You know that there are strong reasons to send thank you letters to all donors, regardless of the size of the gifts.  I want to give you some ways to help evaluate small gift donors, in order to see if you can increase giving rates and/or amounts.

1.  Use Groupings to identify "small" gift donors

It's true that some people will give multiple gifts, of varying amounts, and in order to insure that you are looking at "small" gift donors only, you'll need to create a grouping. You'll want to base the grouping on gift size, of course, but just how can you get those who have given ONLY small gifts? Well, first, when you start the grouping criteria, choose the Common Pattern of "All Donors" (date range optional).
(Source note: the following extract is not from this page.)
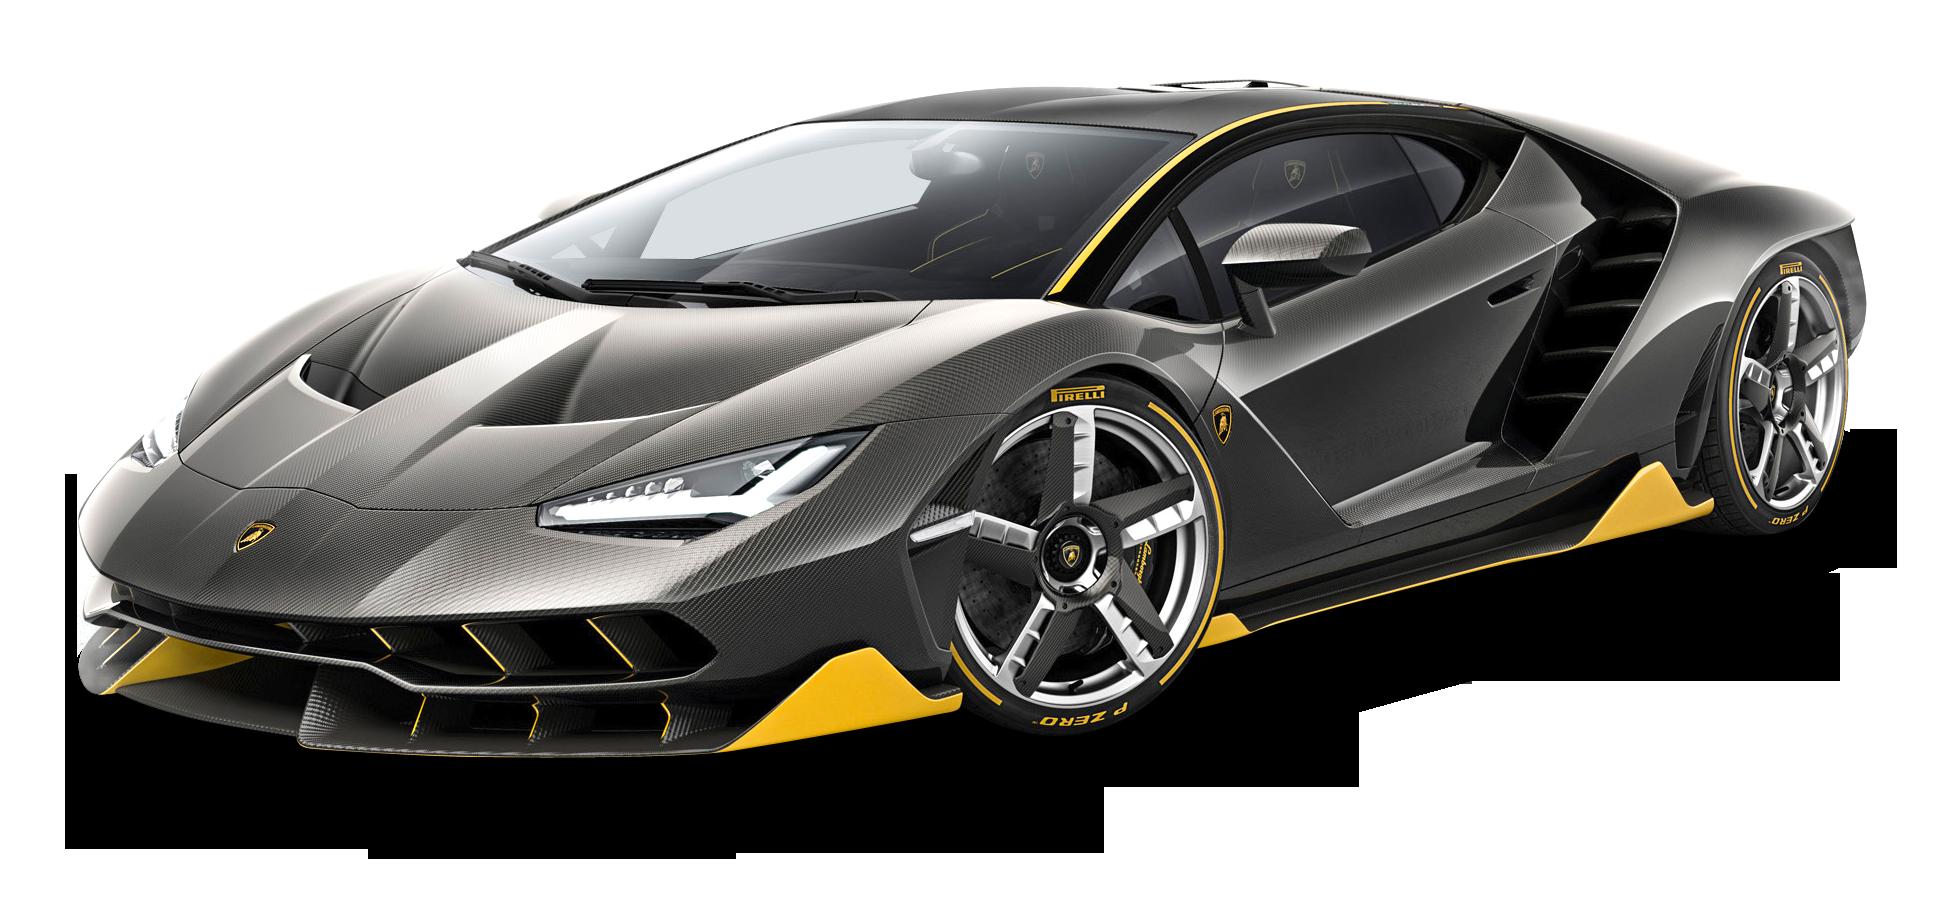 In Quality Car Styling Door Handle Protector Film Stickers For Lamborghini Aventador Centenario Huracan Murcielago Reventon Car Accessories Superior

Then, to isolate it to just those who have only small gifts, click the "Finish Criteria" button, use the "AND" separator, and start a new criteria line. In this line, choose the Gifts tab, and select an "Amount Given" range (in Details tab) of a dollar more than your "small" gift limit (i.e., $21 if you consider $20 or less a small gift) through "blank", and select "Any Single Gift". This sounds counter-intuitive, since it's asking for anyone who has given a $21.00 or greater gift, but hold on. Click the "Finish Criteria" button again, and, this time, apply the "NOT" qualifier to the line.  Now your criteria should read (more of less):  select everyone who is a donor AND who has NOT given a gift of $21 or more. This eliminates both non-donors and those who have given gifts over $20. Now you can use this grouping with various reports.